I left the museum (having avoided being paged) and drove to Palo Alto Baylands, bordering San Francisco Bay in front of the eponymous city. This was one of the places I remember visiting as a kid living in the Bay Area on Sabbath afternoons, and I remember falling off the boardwalk into the shallow bay below, requiring my father to fish me out of the water and take me home for a bath.

Duck pond at Palo Alto Baylands
Duck pond at Palo Alto Baylands

I parked at the Duck Pond, where memories from my only other visit to Baylands as an adult six years ago overwhelmed any possible memory of visiting the duck pond as a kid, and walked towards the nature center, heading for the boardwalk leading out into the marshes at this end of the bay.

Boardwalk with the Dumbarton Bridge in the distance
Boardwalk with the Dumbarton Bridge in the distance

Since my last visit six years ago, the boardwalk had collapsed somewhere around the middle, where pickleweed had grown through the gaping hole left in the walkway.

Jaeger at Palo Alto Baylands
Jaeger at Palo Alto Baylands

Even with the boardwalk closed I could see the Dumbarton Bridge, the power lines looming overhead, and the bay stretching towards the horizon below the East Bay hills, now "golden" with dry grass in the summer heat.

Nature center at Palo Alto Baylands
Nature center at Palo Alto Baylands

I walked to the small pier dedicated to human powered boats at the end of the peninsula stretching out in the marsh, currently being used by windsurfers (and filed it away as a potential kayak launch, in the event that I ever find myself looking for a place to launch a kayak in this part of San Francisco Bay).

I was happy to have the opportunity to visit Palo Alto Baylands one last time before I left, connecting my childhood memories with my last visit six years ago.

Boardwalk under power lines
Boardwalk under power lines

My social media posts from the peninsula caught the attention of my former Qualcomm coworker Rahul, who now lives in Mountain View and works at Apple.

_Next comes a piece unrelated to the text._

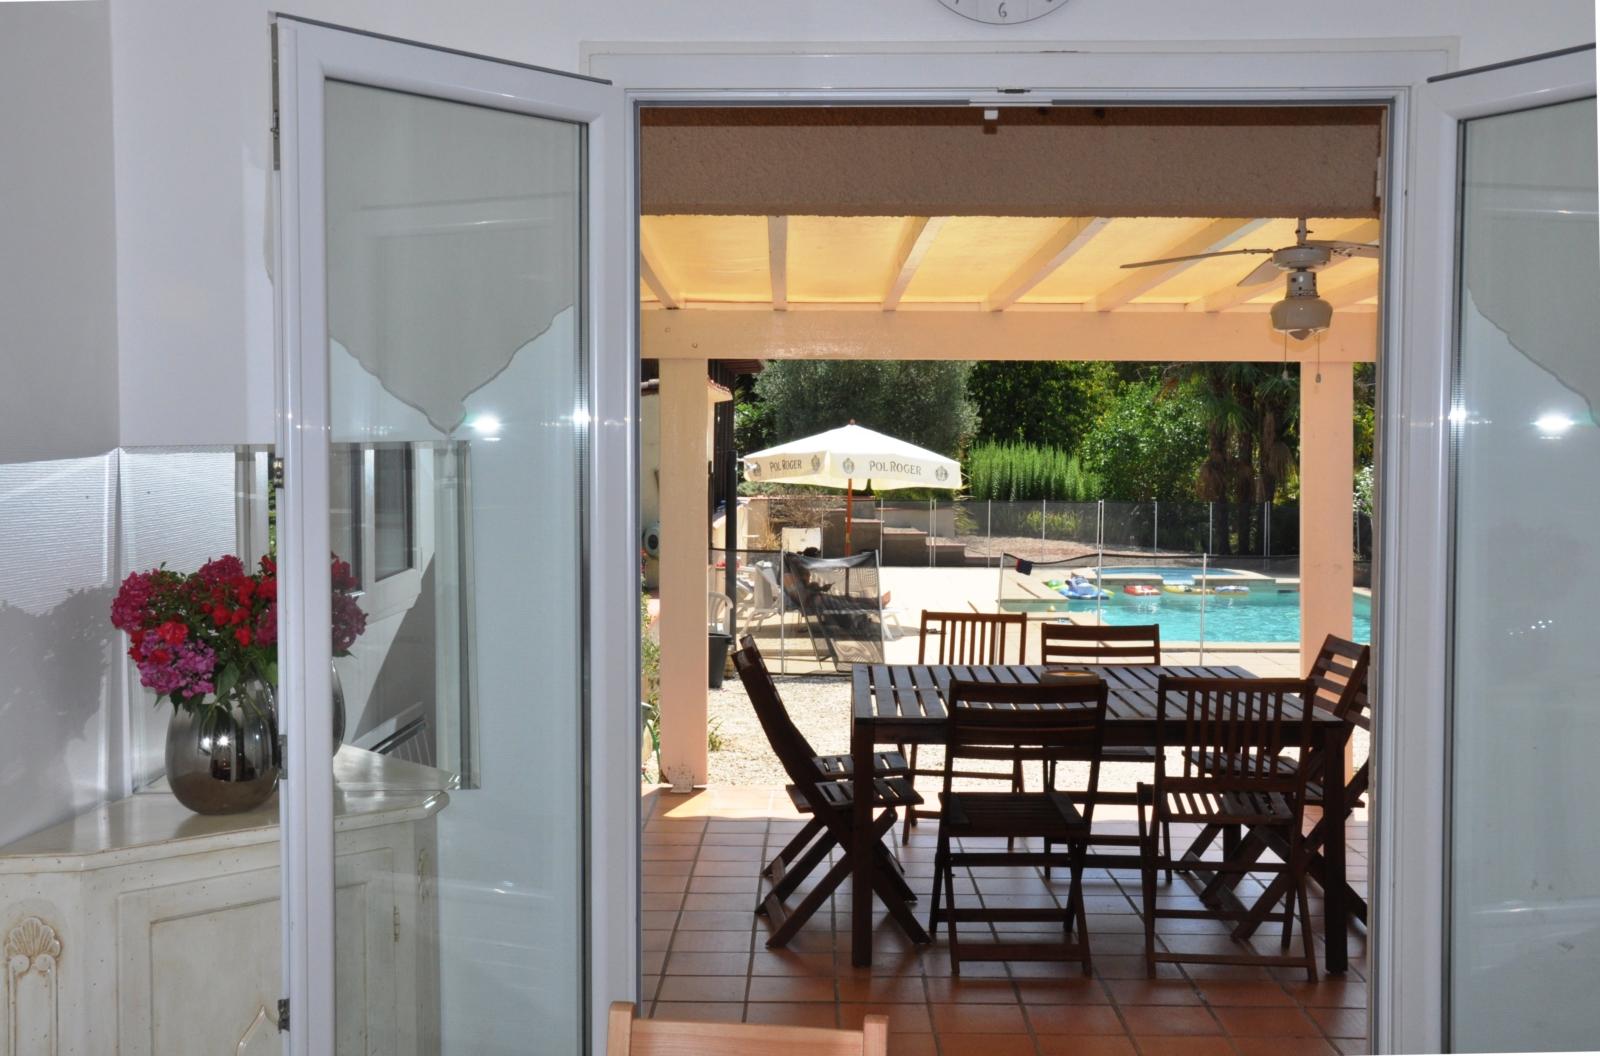 La cuisine ouvre sur une terrasse et la vue sur la piscine

I drove back to Mountain View to meet him, and ate supper with him and his wife Rachel at Biryaniz, a restaurant serving biryani. We ordered several veg dishes more-or-less at random, which turned out to be quite good, and capped off the evening before driving back home to San Francisco.

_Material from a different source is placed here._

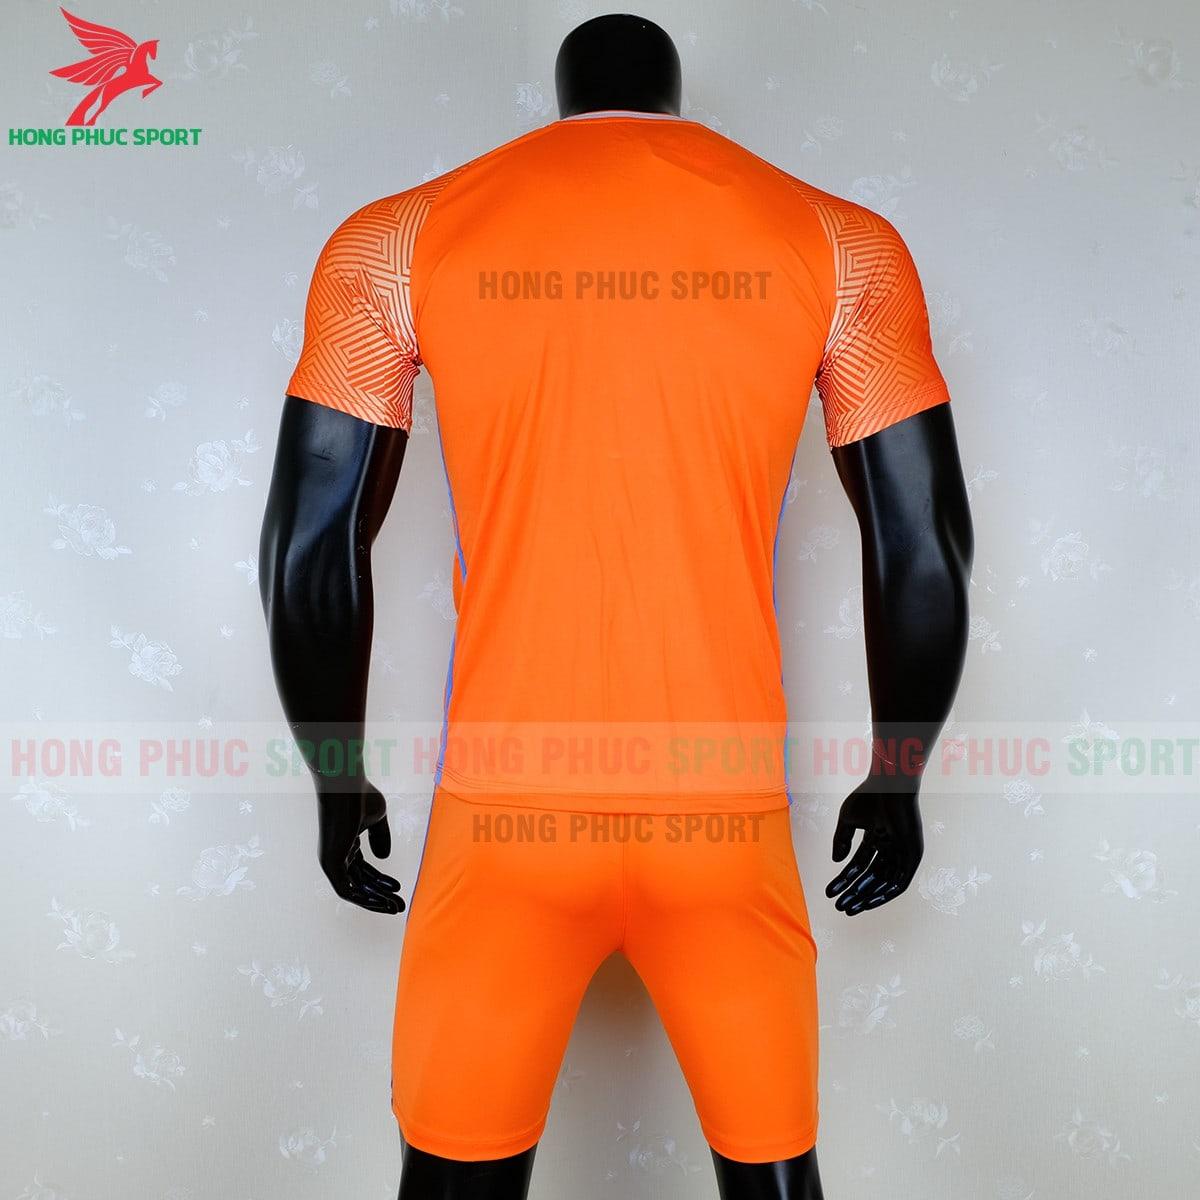 Áo đá banh không logo 2020 Riki Quator màu cam (mặt sau)

My only page on my last day as SRE on-call for App Engine was in the morning, when a flaky prober incorrectly identified an error condition that didn't exist. All I had to do was restart the job and the error went away. (I did take the opportunity to mention the page on the bug tracking the open issue.) When my shift ended at 22:00 I sent my last hand-off e-mail, formally giving my counterpart in London the pager, and took the opportunity to bid my team farewell and wish them luck as they carry on after me.